なんか、凄く昔に似たようなことがあったような?
「七島、その目、綺麗だね。なんか、どこまでも広がっている青空みたいな、果てしなくて、深くて、凄く、吸い込まれそうな――」
「ちょ、顔近づけてくるな、気持ち悪い!」
皆川の目からは正気の光が失われ、呆然と口元を緩ませて、こちらに迫ってくる。お、思い出した! 確か、ずっと昔、お袋が俺の目にはナチュラル魅了系の効果があるとか何とか。でも、お袋、これはどちらかというと魂喰らい(ソウルイート)状態みたいになってんだがよ!
あ、心なしか、皆川から精力というか、オドが目を通して流れ込んできているような? って、そりゃアウトだ!
「正気に戻れ、皆川! 正気に戻らないと、俺は色んな意味で新たな十字架を背負って生きなきゃいけなくなる!」
「あうあうあ……はっ、私は一体、何を!?」
目の持ち主である俺が強く拒絶したことと、必死で皆川の肩を掴んで揺らしたおかげで、何とか皆川は正気に戻った。俺の目に吸われていたオドも少量だったらしく、特に健康に影響は無い。
「な、なんか頭がくらくらするんだけど?」
「バカが頭を使いすぎたんだろ。今日はもう、休んだほうが良いんじゃないか? そろそろ俺も帰ろうと思うし」
「あ……うん、そうするわー」
俺の罵倒へ反論もしないところを見ると、結構疲労していたようだ。まぁ、一晩寝れば問題ないだろう。
「じゃ、今日はありがとな、散髪代が浮いて助かった」
そんなわけで、俺が帰り支度をしていると、よろめきながらも、皆川は良い笑顔で親指を立ててきた。
「七島、今のお前なら、花ちゃんの隣に居てもおかしくないぜ!」
「ん? 今まではおかしかったのか?」
「そりゃあ、もう!」
力いっぱい断言するなよ、疲れているくせに。
「あ、後ね、明日は制服に名札でも付けていったら?」
「いや、意味分からん。
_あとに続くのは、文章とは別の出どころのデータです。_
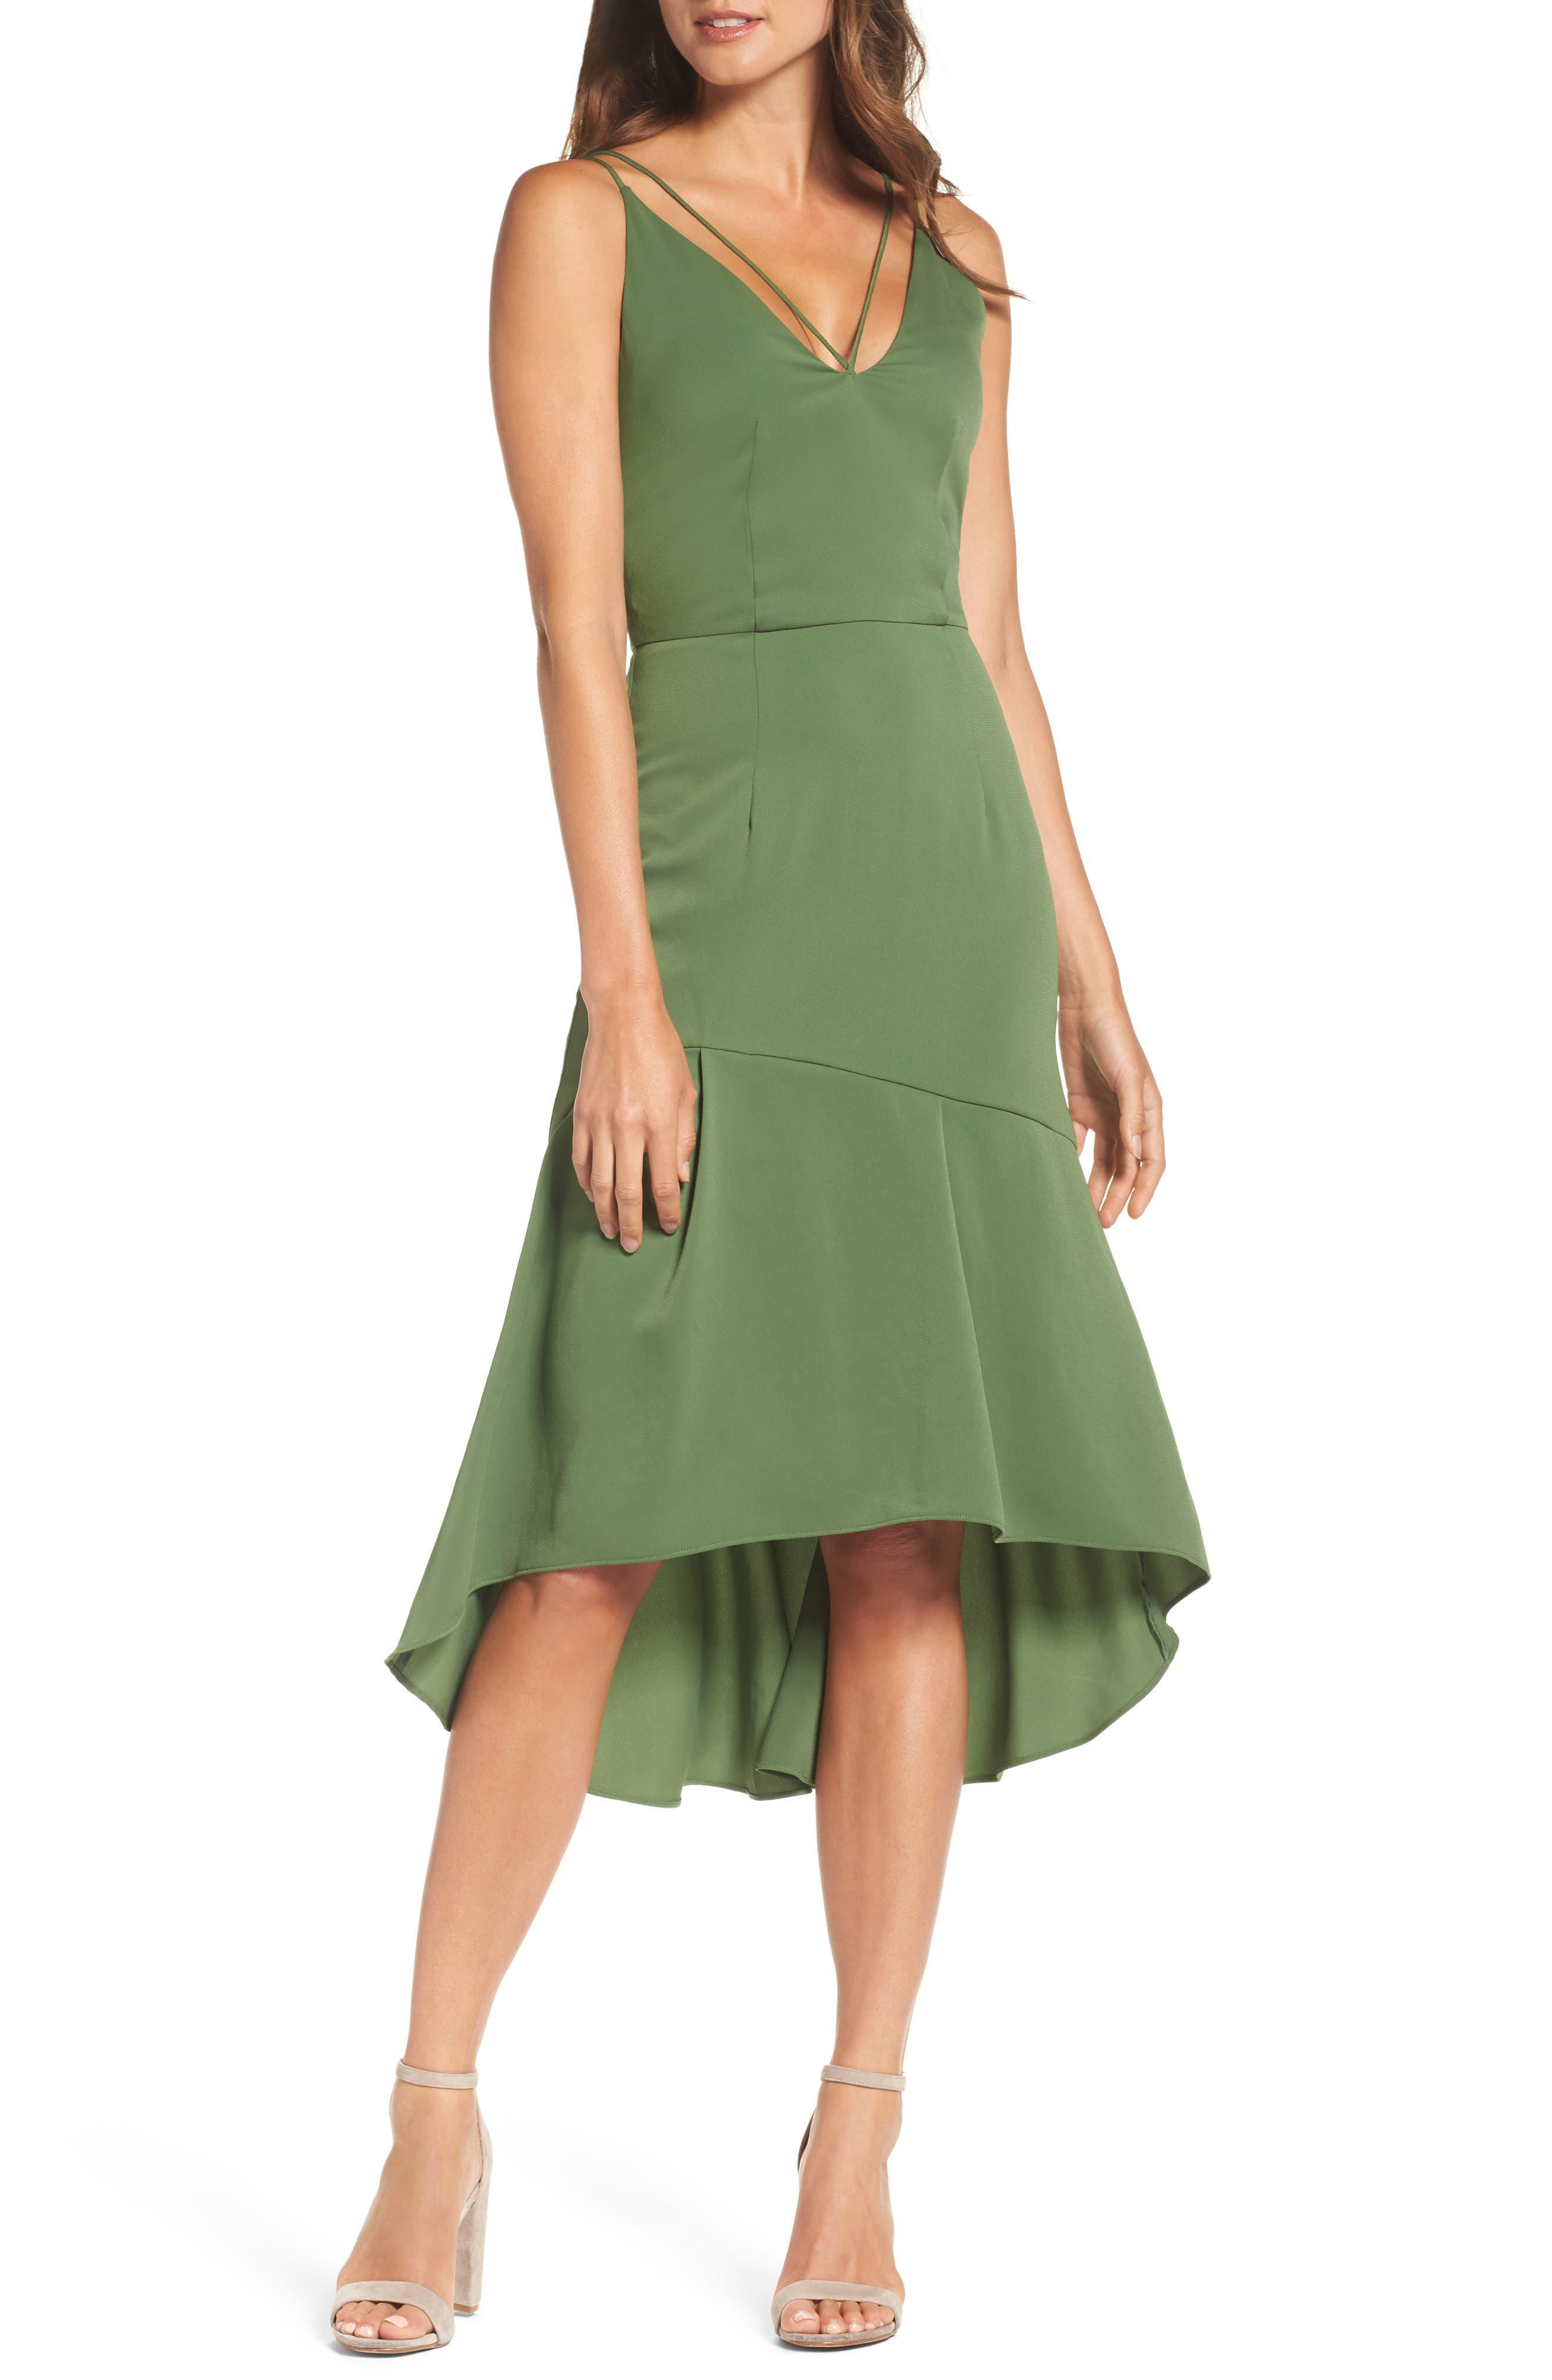 Lovine Midi Dress,                         Main,                         color, Moss Green
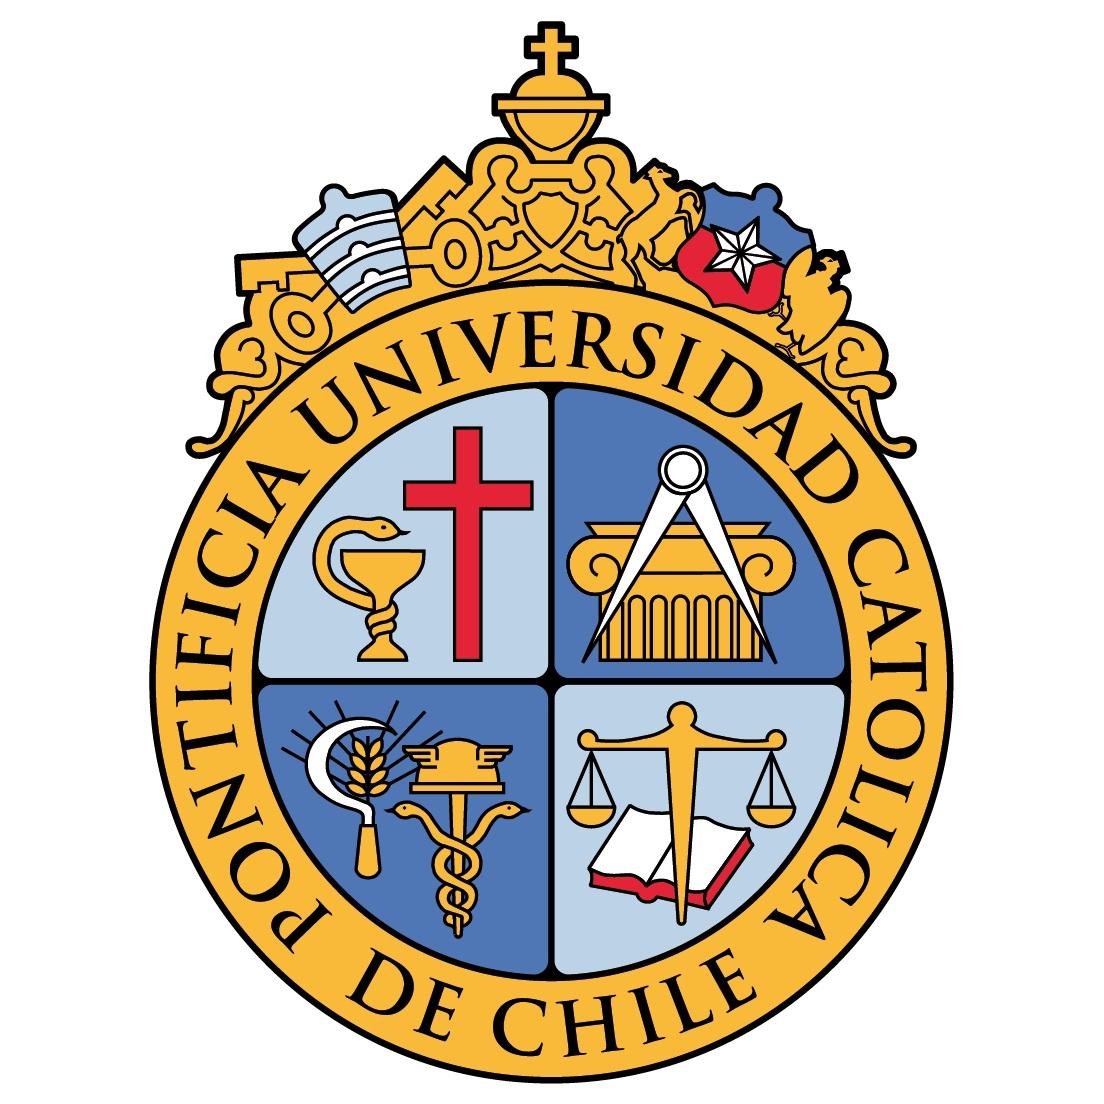 Mejores Universidades de Chile 2017: Pontificia Universidad Católica de Chile

髪切ったぐらいで、別人になるわけでもあるまいし」
「普通はねー、そうなんだけどねー」
むぅ、よくわからない。ま、とりあえず、明日からは今までの気ままなぼっち生活はできなくなるわけだ。こいつが友達なんて、正直……うん、まぁ、最初の頃よりは多少まともに思えてきたけど。少なくとも、こいつに勉強を教えるという苦痛の時間を過ごさないといけない。
俺も、今日は帰ったらさっさと寝るか。
ちなみに。
皆川家から帰るとき、なぜかガキどもが揃って、俺を見た後に小首を傾げていたのだが、あれはなんだったんだろう?
翌日、教室へ入った俺を迎えたのは、無数の視線だった。
な、なんだ? 俺が一体どうした? つか、なんだ、その珍獣でも見たような目は?
「なんなんだよ、まったく」
俺は誰にも聞こえない程度の声で愚痴を言うと、いつも通り、自分の席に着き、ラノベを読み始める……のだが、
「う、うぜぇ」
俺が席に座った瞬間から、なぜか周りがざわめき始める。「え? 嘘、また転校生?」「今度はハーフ?」「でも、あの席って、誰か居なかったけ?」「確か、七島弥一とか、そんな名前だったような?」「ひょっとして、あれって」「はは、嘘だろ、そんな。漫画じゃあるまいし」とか、俺は耳が良いので聞こえてしまうのだが、なんだ? そこまで俺が髪を切るのは珍しいのか? つか、俺の存在すら忘れていた奴も居たみたいだし。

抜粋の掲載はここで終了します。